Supplied material:

****************

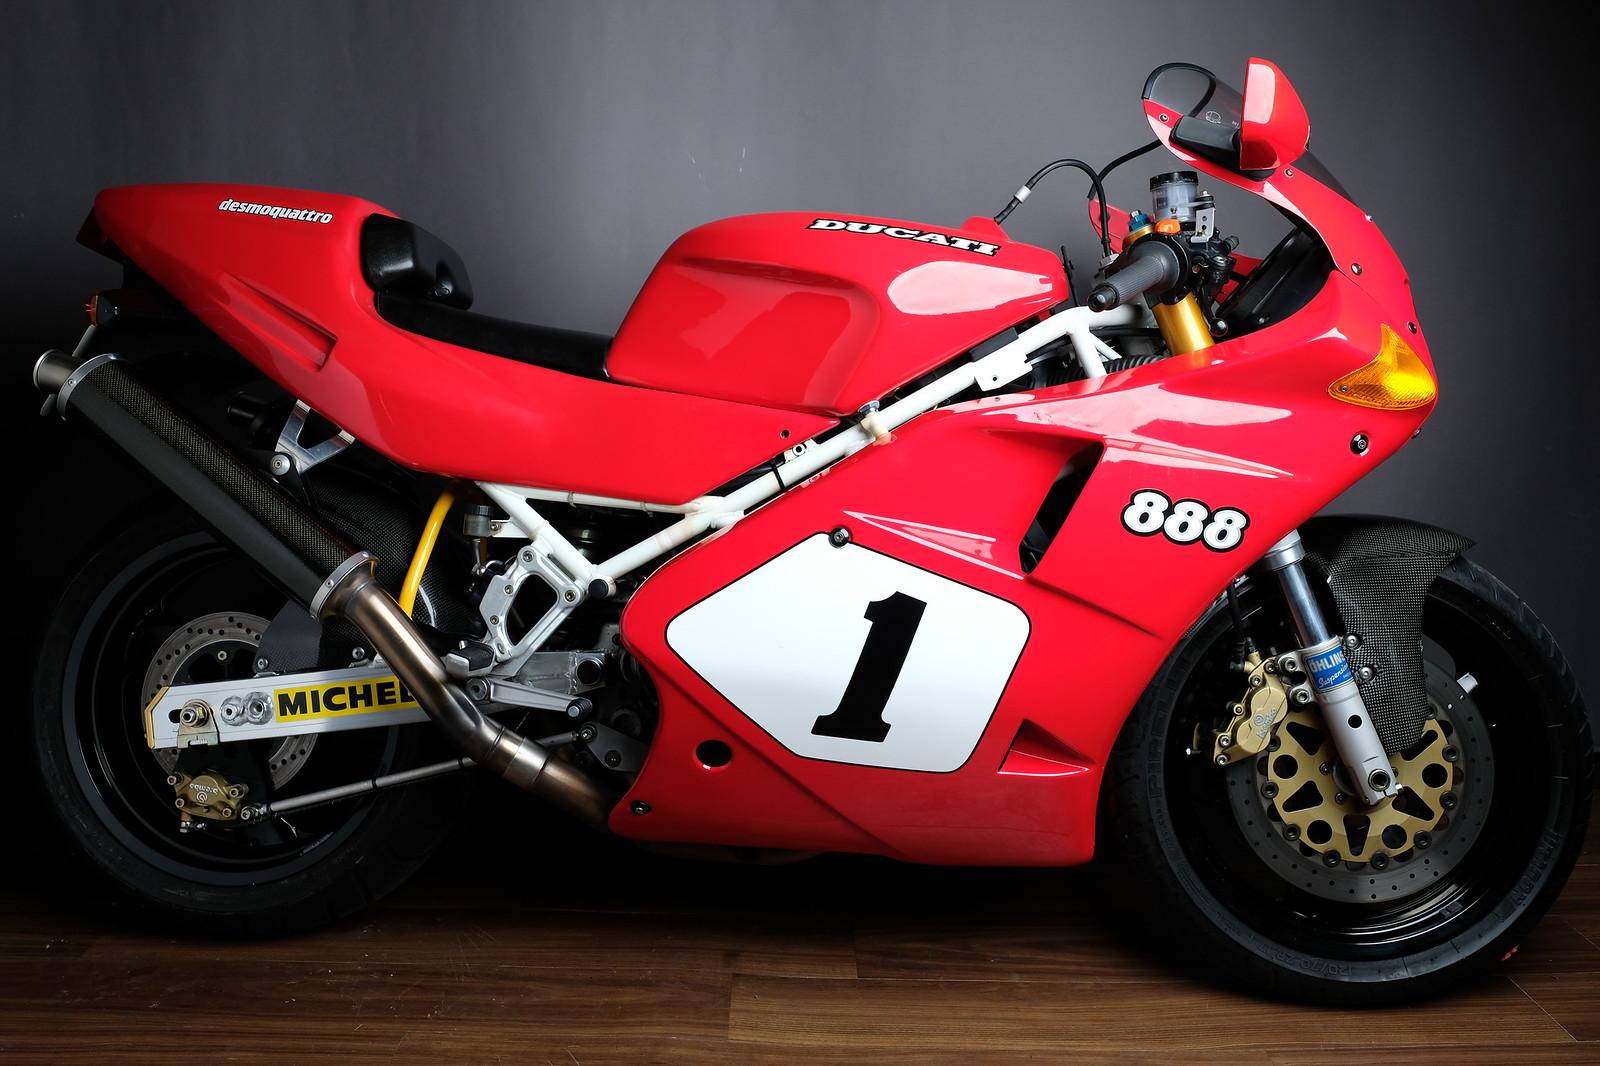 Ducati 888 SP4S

****************

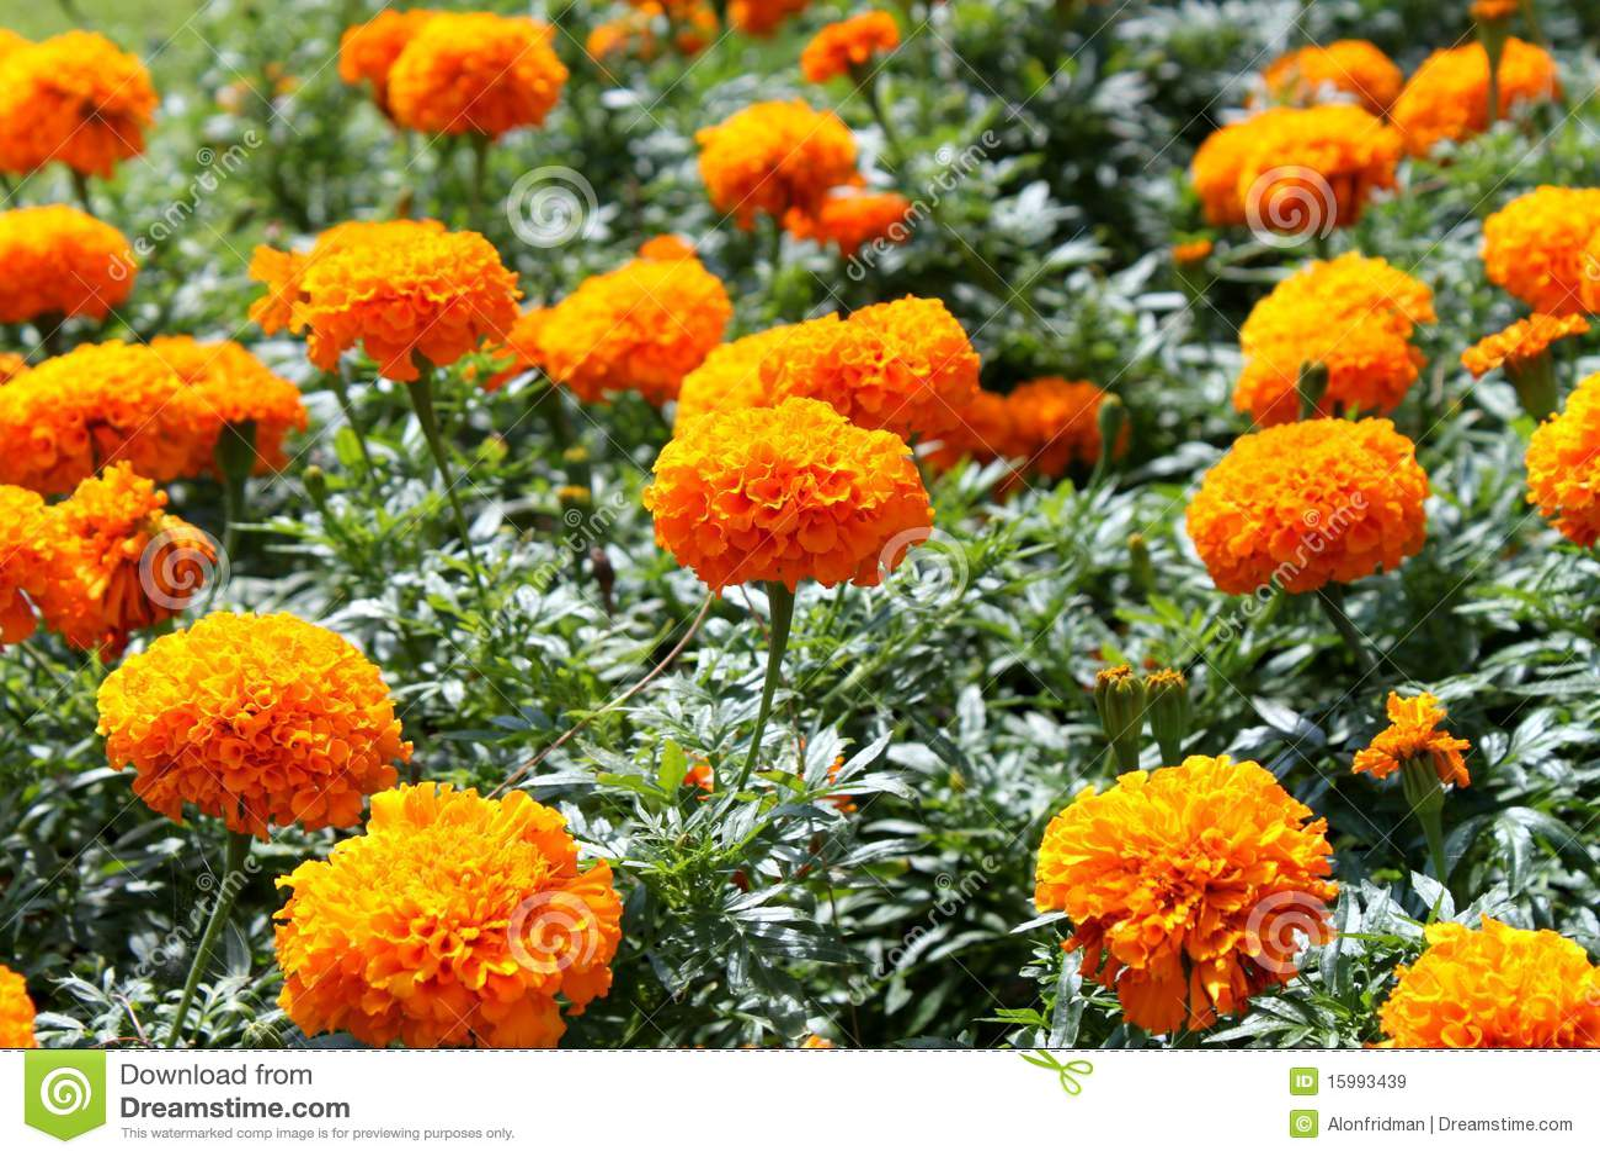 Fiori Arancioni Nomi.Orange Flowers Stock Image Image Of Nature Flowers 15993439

****************

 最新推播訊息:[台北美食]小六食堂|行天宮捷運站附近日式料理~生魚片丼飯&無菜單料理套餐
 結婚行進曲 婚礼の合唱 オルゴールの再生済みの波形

****************

The task:
The entries above hold the needed span. Transcribe exactly the lines from the one with "最新推播訊息:[台北美食]小" to the one with "結婚行進曲 婚礼の合唱 オルゴールの再生済みの波形", both included.

Written response:
 最新推播訊息:[台北美食]小六食堂|行天宮捷運站附近日式料理~生魚片丼飯&無菜單料理套餐
 結婚行進曲 婚礼の合唱 オルゴールの再生済みの波形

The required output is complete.